Clark-Wilson Inrtegrity Model Flashcards
What is the Clark-Wilson integrity model based on?
This model checks for integrity by determining whether the states in the system are consistent with the expectations. The model bases itself on simple banking principles by imagining operations as transactions.
For an actual implementation of the model, a transaction will encompass complex and application specific operations.
Therefore, transactions are more complex than the simple read, write, and execute commands seen in the Bell-LaPadula and Biba models.
What is meant by the consistency constraint in the Clark-Wilson Integrity Model?
The consistency constraint is based on the expected difference of state 1 and state 2 given a set of transactions on state 1.
This is best understood using a bank account as an example, it yesteray’s balance YB = 100, and there is a deposit D = 20 and withdrawal W = 10 one would expect todays balance TB = 110.
The consistency constraint can therefore be expressed as:
TB = YB + R - W
What are the main features of the Clark-Wilson Model?
The main features are:
- Authentication - Users must be identified and authenticated.
- Well-formed transaction - A series of operations that transform the system from one consistent state to another.
- Objects can only be modified, and subjects can only execute well formed transactions.
- Auditing - Transactions and modifications must be logged and audited.
- Separation of duty - The ones who examine and certify transactions must be different from the implementors of the transactions.
What are the elements in the Clark-Wilson model?
The main elements in the Clark-Wilson model are:
- Constrained Data Items (CDI) - Objects and data that are subject to integrity controls.
- Unconstrained Data Items (UDI) - Objects and data that are not subject to integrity controls.
- Integrity Verification Procedure (IVP) - Procedures that test whether the CDIs conform to the integrity constraints.
- Transformation Procedures (TP) - Procedures that take the system from one valid state to another. These are the only procedures allowed to modify CDIs.
What are the five certification rules in the Clark-Wilson Model?
The 5 certification rules in the Clark-Wilson model are:
CR1 - When any IVP runs it must ensure that all CDIs are in valid states.
CR2 - For any set of associated CDIs, a TP must transform those CDIs in a valid state into a new valid state.*
CR3 - The allowed relations must meet the requirements imposed by the principle of seperation of duty. For instance, a TP cannot have both modify and auditing rights for any one CDI.
CR4 - All TPs must append enough information to reconstruct the operation to an append only CDI.**
CR5 - A TP can transform a UDI into a CDI by performing a valid transformation, and vice versa. Therefore, a CDI can become an unrestricted UDI.
- Say that the set of CDIs are bank accounts and the TPs is a system process. CR2 defines a relation certified which defines what accounts (CDIs) the process (TP) can alter.

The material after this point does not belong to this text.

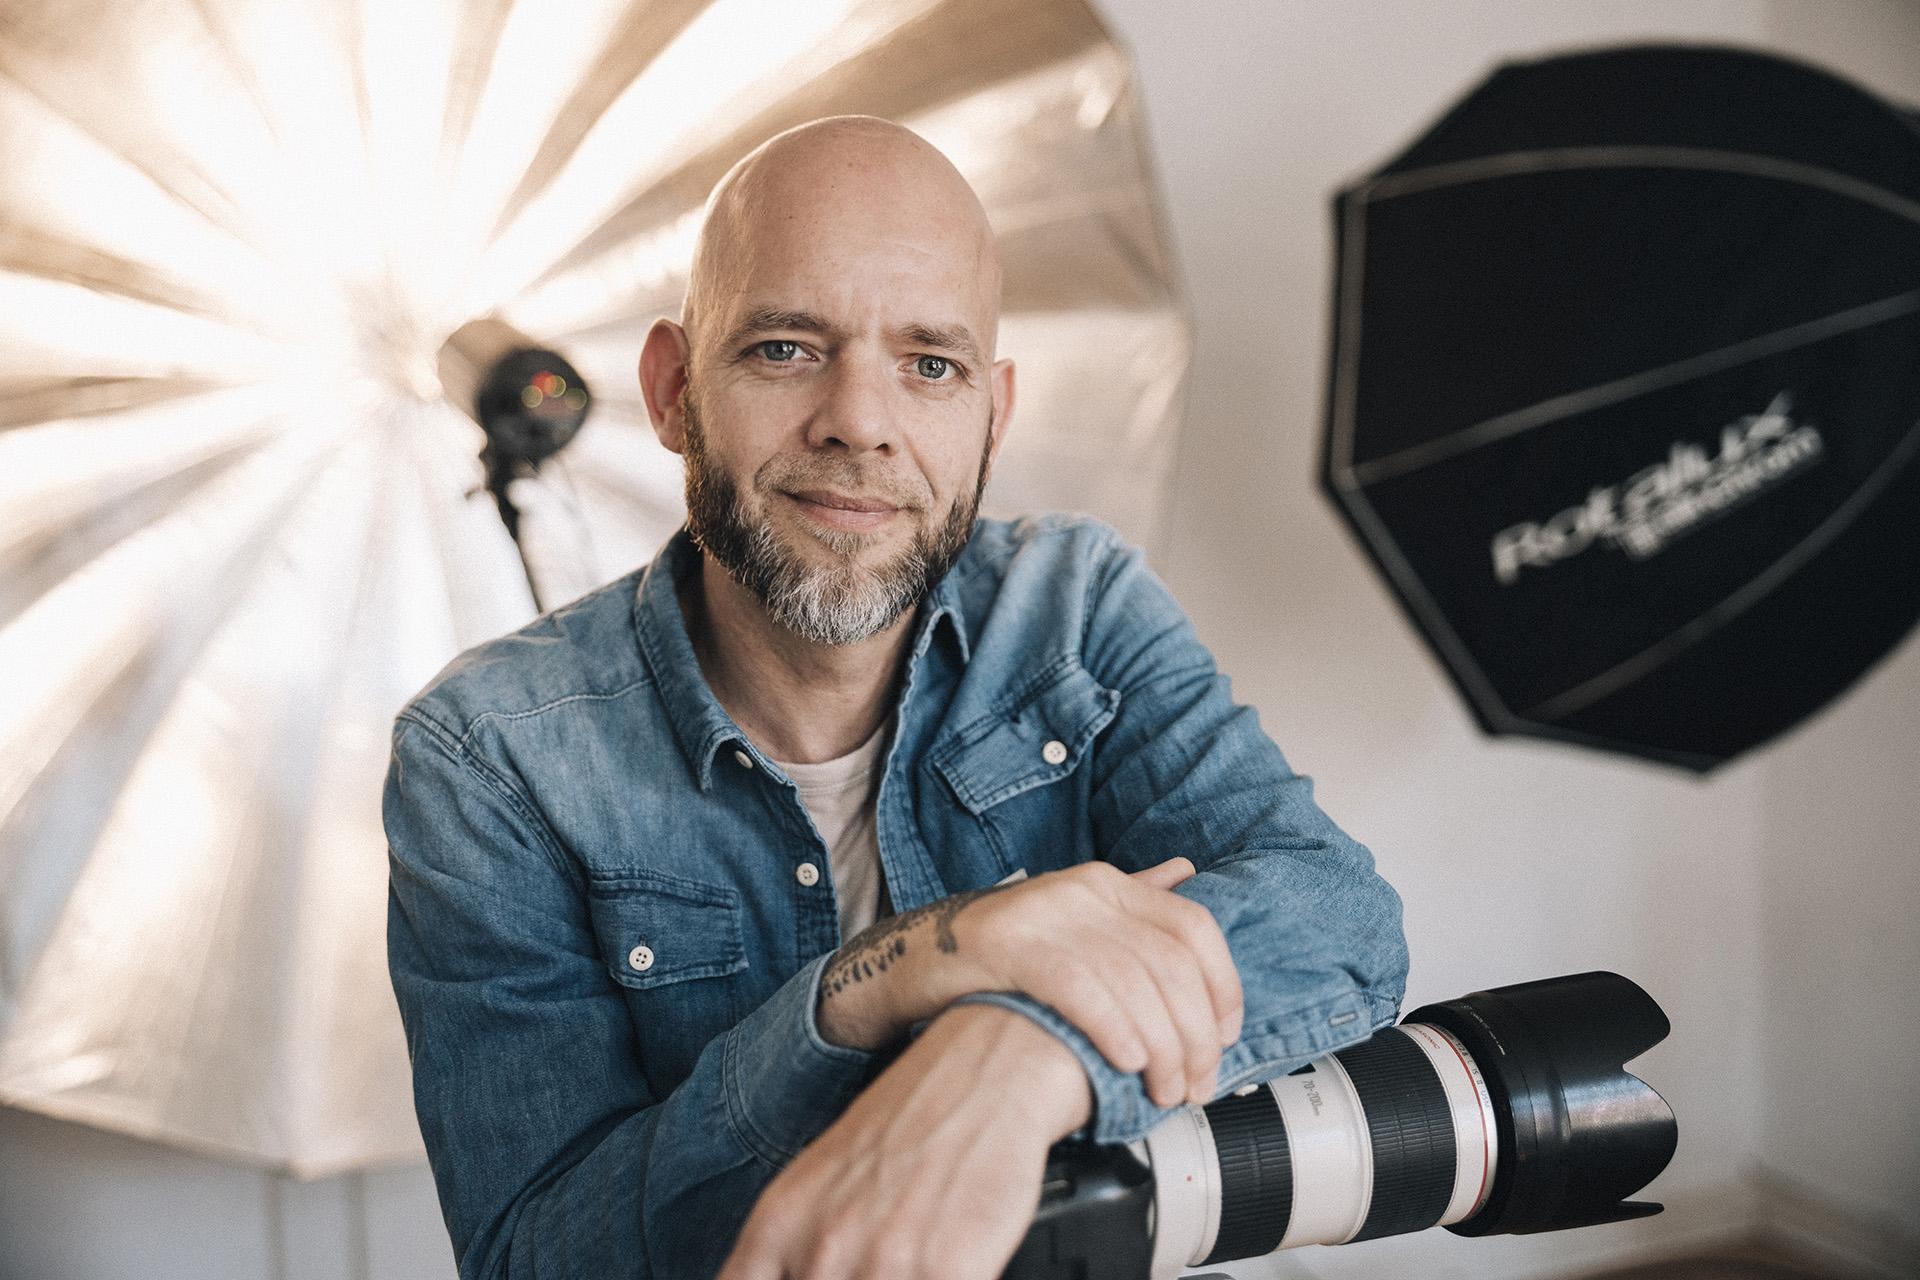 Mario Schmitt, Fotograf
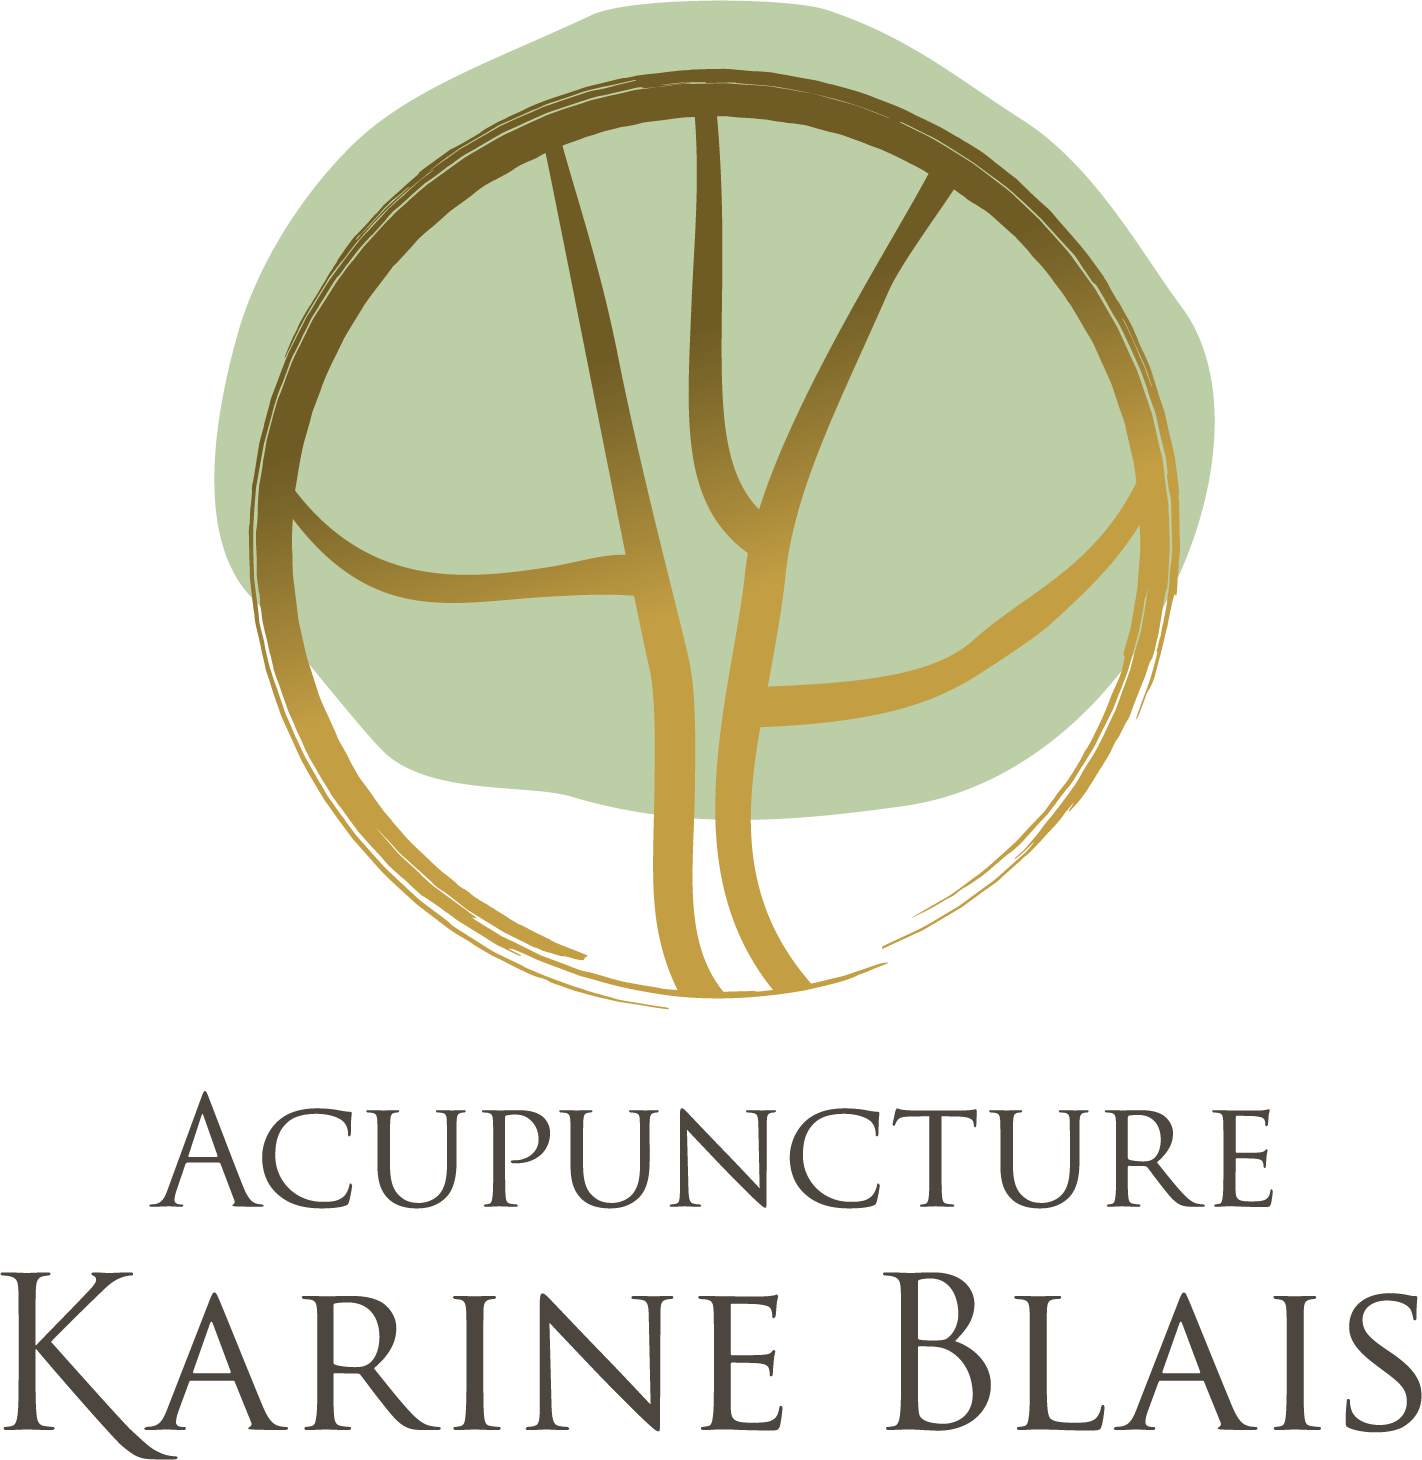 Acupuncture Karine Blais

** This “append only CDI” is just a dumb name for the logs. CR4 ensures that TPs log enough information to understand the sequence of operations by inspecting the logs. The logs are the specific CDI that the auditors can access.
What are the enforcement rules in the Clark-Wilson Model?
There are 4 enforcement rules in the Clark-Wilson Model:
ER1 - The system must maintain certified relations and ensure that only TPs certified to run on a CDI can manipulate it.
ER2 - A user must be associated with each TP and set of CDIs since the TP will access the CDIs on behalf of the user.
ER3 - The system must authenticate each user attempting to execute a TP.
ER4 - Only a certifier of a TP may change the list of entities associated with that TP. This enforces separation of duty.
Are ordinary users allowed to perform certifications on TP?
No, only a certifier can add/remove the entry of CDIs that a given TP can operate on.